Contribute to this guide

guideSchema

This article assumes that you have already read the “Schema” section of the introduction to the editing engine architecture.

# Quick recap

The editor’s schema is available in the editor.model.schema property. It defines allowed model structures (how model elements can be nested), allowed attributes (of both elements and text nodes), and other characteristics (inline vs. block, atomicity in regards of external actions). This information is later used by editing features and the editing engine to decide how to process the model, where to enable features, etc.

Schema rules can be defined by using the Schema#register() or the Schema#extend() methods. The former can be used only once for a given item name which ensures that only a single editing feature can introduce this item. Similarly, extend() can only be used for defined items.

Elements and attributes are checked by features separately by using the Schema#checkChild() and the Schema#checkAttribute() methods.

# Defining allowed structures

When a feature introduces a model element, it should register it in the schema. Besides defining that such an element may exist in the model, the feature also needs to define where this element can be placed:

schema.register( 'myElement', {
    allowIn: '$root'
} );

This lets the schema know that <myElement> can be a child of <$root>. The $root element is one of the generic nodes defined by the editing framework. By default, the editor names the main root element a <$root>, so the above definition allows <myElement> in the main editor element.

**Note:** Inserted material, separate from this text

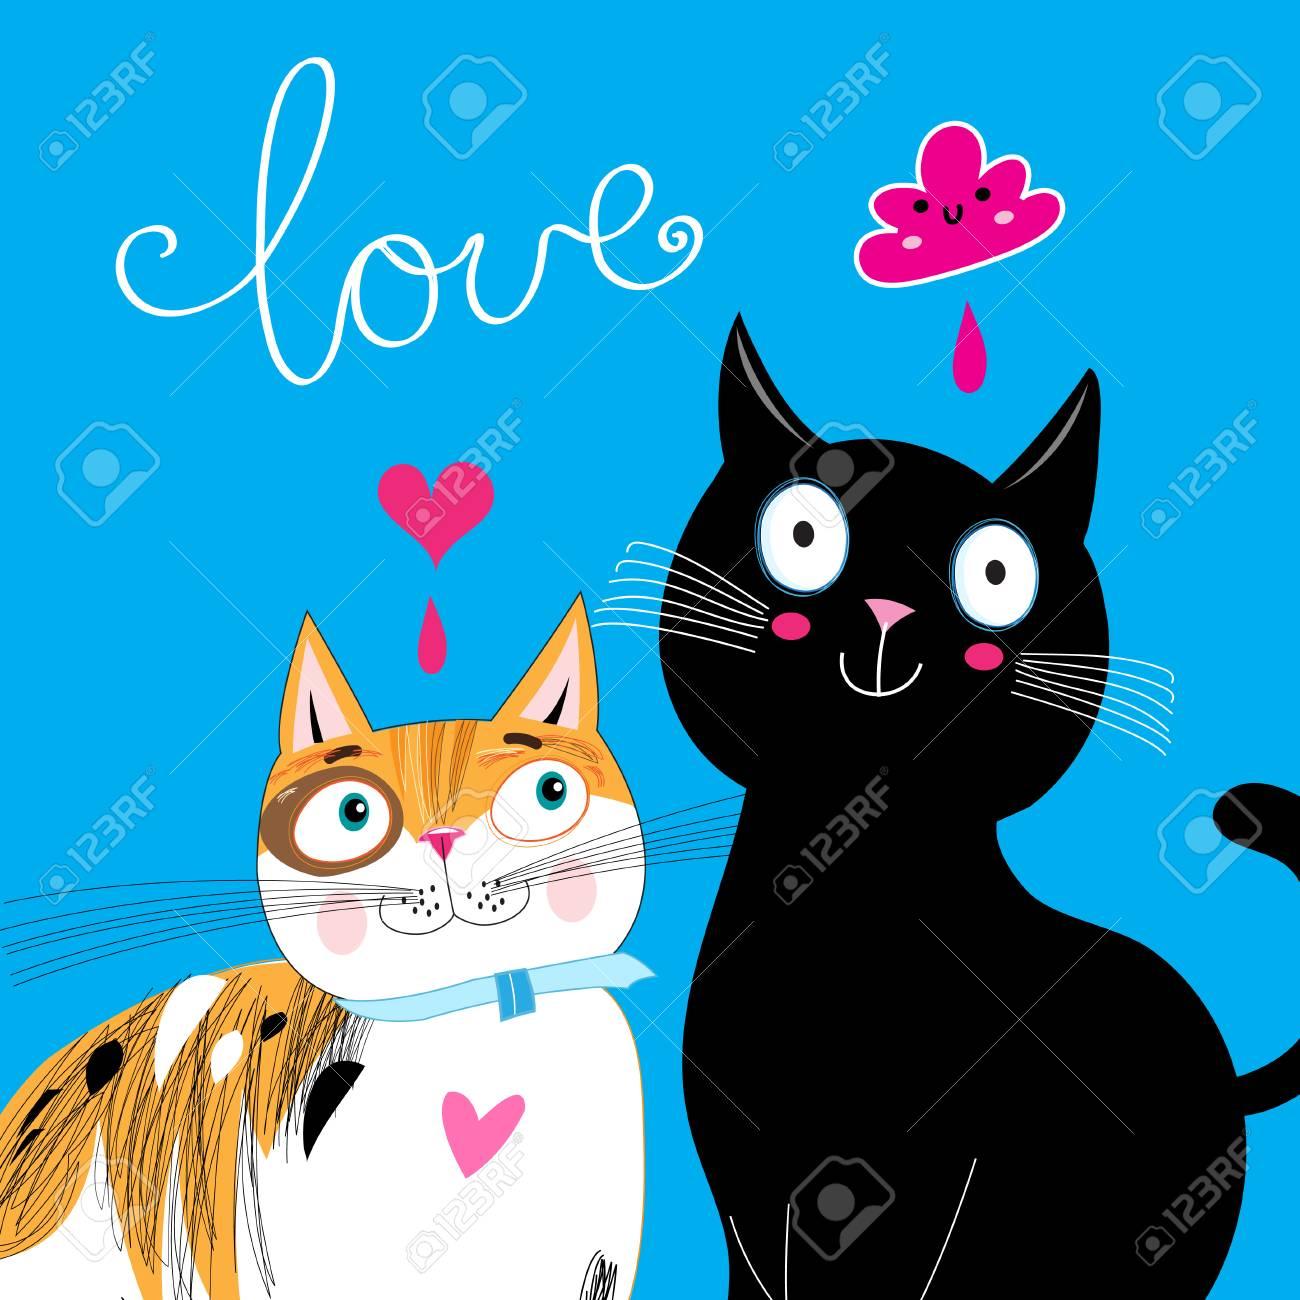 Brillante Postal Alegre Para El Día De San Valentín Con Gatos Amor

In other words, this would be correct:

<$root>
    <myElement></myElement>
</$root>

While this would be incorrect:

<$root>
    <foo>
        <myElement></myElement>
    </foo>
</$root>

# Defining additional semantics

In addition to setting allowed structures, the schema can also define additional traits of model elements. By using the is* properties, a feature author may declare how a certain element should be treated by other features and by the engine.

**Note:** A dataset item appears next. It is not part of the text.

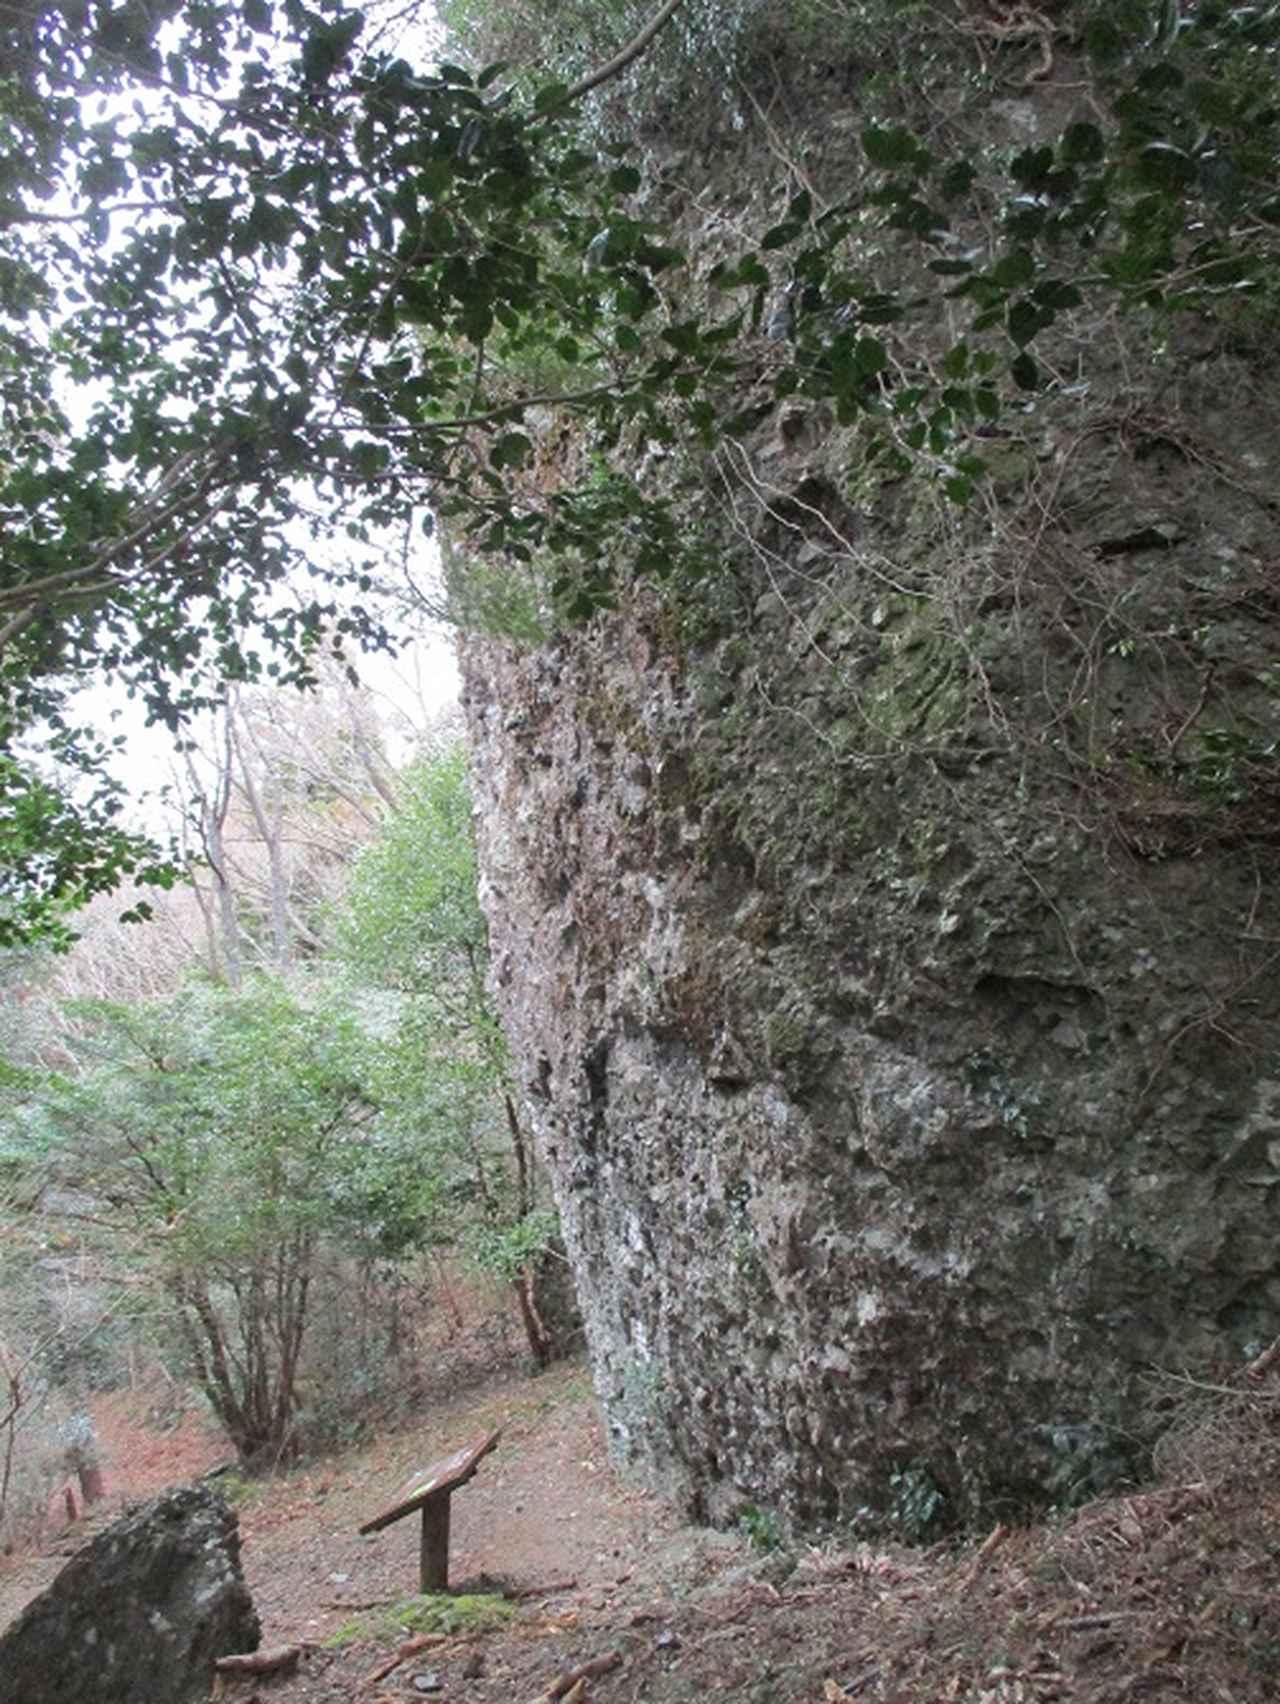 画像5: 【山旅会・登山ガイドこだわりツアー】岡田ガイドからの便り・石谷山(びく石)ツアーの下見にいってまいりました

Here is a table listing various model elements and their properties registered in the schema:

Schema entry Properties in the definition
isBlock isLimit isObject isInline isSelectable isContent
$block true false false false false false
$clipboardHolder false true false false false false
$marker false false false false false false
$root false true false false false false
$text false false false true false true
blockQuote false false false false false false
caption false true false false false false
codeBlock true false false false false false
heading1 true false false false false false
heading2 true false false false false false
heading3 true false false false false false
horizontalLine false true[1] true false true[2] true[3]
image true true[1] true false true[2] true[3]
listItem true false false false false false
media true true[1] true false true[2] true[3]
pageBreak false true[1] true false true[2] true[3]
paragraph true false false false false false
softBreak false false false true false false
table true true[1] true false true[2] true[3]
tableRow false true false false false false
tableCell false true false false true false

# Limit elements

Consider a feature like an image caption. The caption text area should construct a boundary to some internal actions:

  • A selection that starts inside should not end outside.
  • Pressing Backspace or Delete should not delete the area. Pressing Enter should not split the area.

It should also act as a boundary for external actions. This is mostly enforced by a selection post-fixer that ensures that a selection that starts outside, should not end inside. It means that most actions will either apply to the “outside” of such an element or to the content inside it.

Taken these characteristics, the image caption should be defined as a limit element by using the isLimit property.

schema.register( 'myCaption', {
    isLimit: true
} );

The engine and various features then check it via Schema#isLimit() and can act accordingly.

“Limit element” does not mean “editable element”. The concept of “editability” is reserved for the view and expressed by the EditableElement class.

# Object elements

For an image caption like in the example above it does not make much sense to select the caption box, then copy or drag it somewhere else.

A caption without the image it describes makes little sense. The image, however, is more self-sufficient. Most likely users should be able to select the entire image (with all its internals), then copy or move it around. The isObject property should be used to mark such behavior.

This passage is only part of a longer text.